17 replies: All unread, jump to last
 
User currently offlineAirCalSNA From United States of America, joined Mar 2010, 326 posts, RR: 0
Reply 1, posted (1 year 2 months 2 weeks 6 days ago) and read 3910 times:

Another reason to avoid the United States' worst airline.

User currently offlineRDH3E From United States of America, joined Mar 2011, 1570 posts, RR: 2
Reply 2, posted (1 year 2 months 2 weeks 6 days ago) and read 3865 times:

Not sure why but the other thread was deleted, still cached on google though it appears:

United Increasing Change Fee To $200? — Civil Aviation Forum ...
www.airliners.net/aviation-forums/general.../read.../5741634/
24 posts - 18 authors - 5 days ago
There is a flyertalk thread mentioning UA change fee is now $200/$300. Sounds like UA is trying a silent change fee upgrade and hoping other ...

Probably best just to let this one die.


User currently offlineAeroWesty From United States of America, joined Oct 2004, 20322 posts, RR: 63
Reply 3, posted (1 year 2 months 2 weeks 6 days ago) and read 3814 times:

Quoting andrew50 (Thread starter):
Boy what a scam that is!

Flexibility costs. The change fee is basically liquidated damages for buying a cheap fare ahead, while still expecting the flexibility that a more expensive ticket affords. The airlines are beginning to charge more and more for that over the years.



International Homo of Mystery
User currently offlinerwsea From Netherlands, joined Jan 2005, 3076 posts, RR: 2
Reply 4, posted (1 year 2 months 2 weeks 6 days ago) and read 3793 times:

Many European airlines don't allow changes at all on the cheapest tickets. If you don't take the flight you booked, you lose the whole thing. I expect to see the US carriers gradually shifting towards this model.

User currently offlineJHwk From United States of America, joined Jan 2013, 218 posts, RR: 0
Reply 5, posted (1 year 2 months 2 weeks 6 days ago) and read 3781 times:

Quoting AeroWesty (Reply 3):
Flexibility costs. The change fee is basically liquidated damages for buying a cheap fare ahead, while still expecting the flexibility that a more expensive ticket affords.

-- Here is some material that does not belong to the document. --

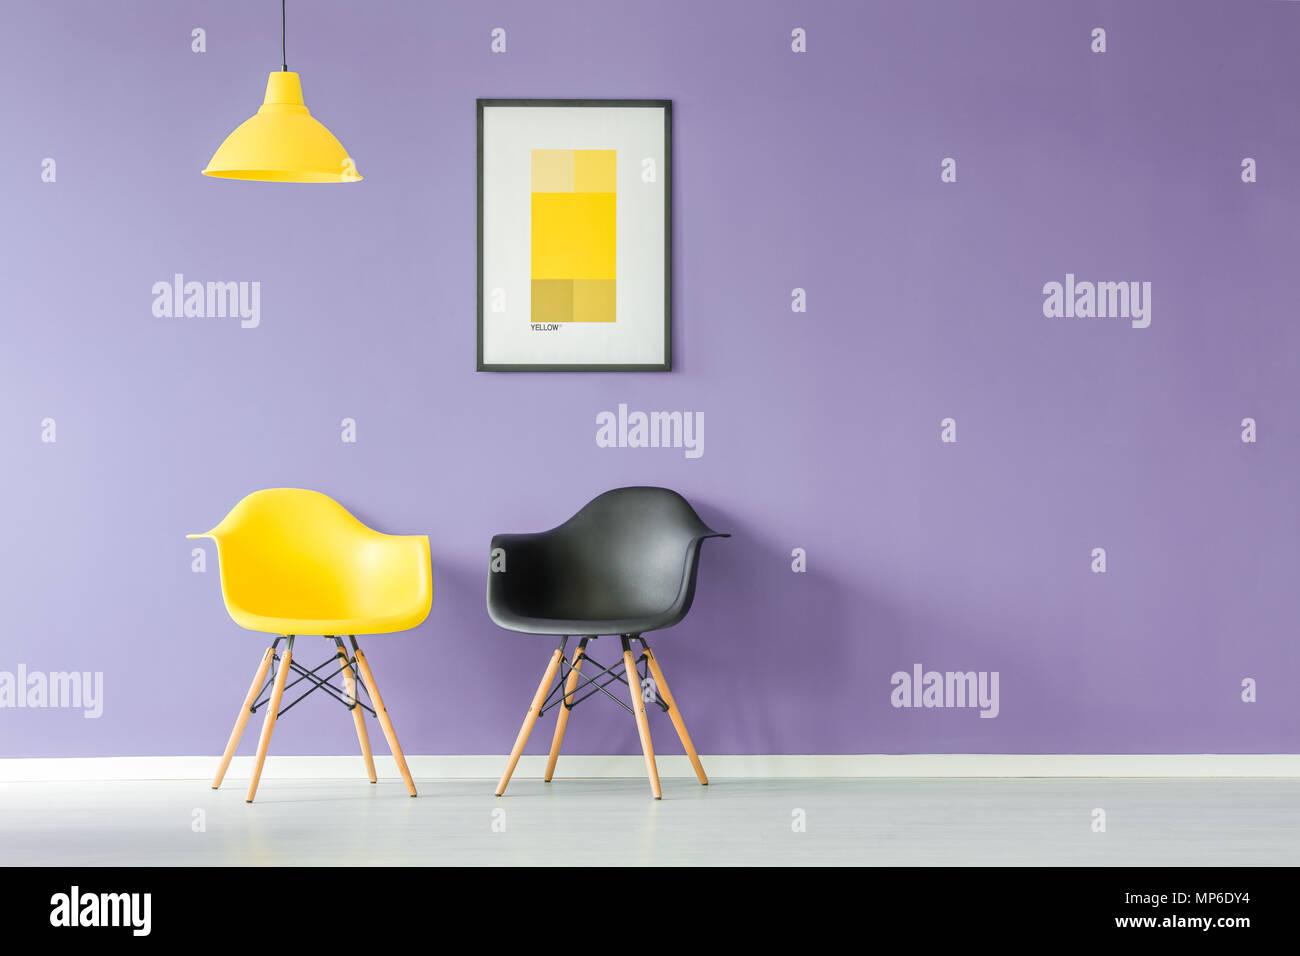 Vista frontale di contrasto di colore giallo e nero, sedie e una lampada gialla contro sfondo viola la parete con un poster in un minimo soggiorno inter Immagini Stock
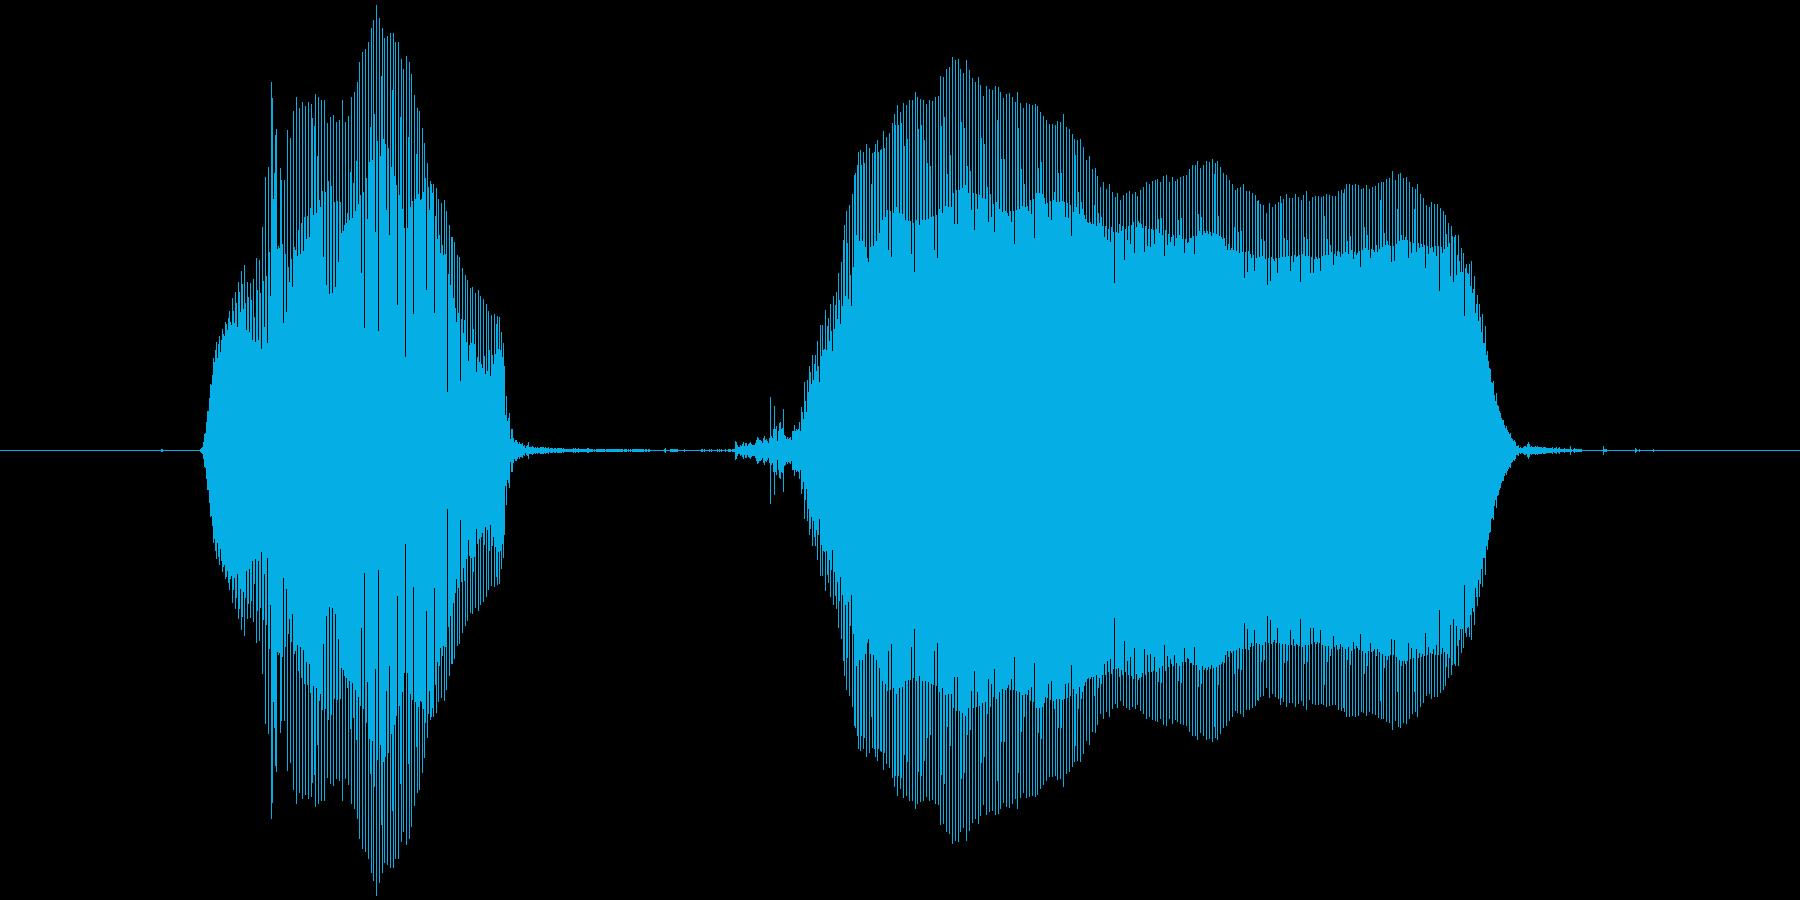 らっきー!の再生済みの波形

Which is fair enough when you are charging a discount rate somewhere. It is a bit of a slap in the face though when you are buying a $400 round-trip ticket for a 300 mile journey. At that point, driving really becomes more attractive, in terms of cost, travel time, and flexibility.


User currently offlineAeroWesty From United States of America, joined Oct 2004, 20322 posts, RR: 63
Reply 6, posted (1 year 2 months 2 weeks 6 days ago) and read 3737 times:

Quoting JHwk (Reply 5):
It is a bit of a slap in the face though when you are buying a $400 round-trip ticket for a 300 mile journey.

That $400 is a pretty well discounted ticket. Full Y for SFO-LAX-SFO for tomorrow is in the $1,200 to $1,400 range. Discounted fares for tomorrow are in the $400-500 range. Book three weeks in advance, and the fare goes down to $136 round-trip.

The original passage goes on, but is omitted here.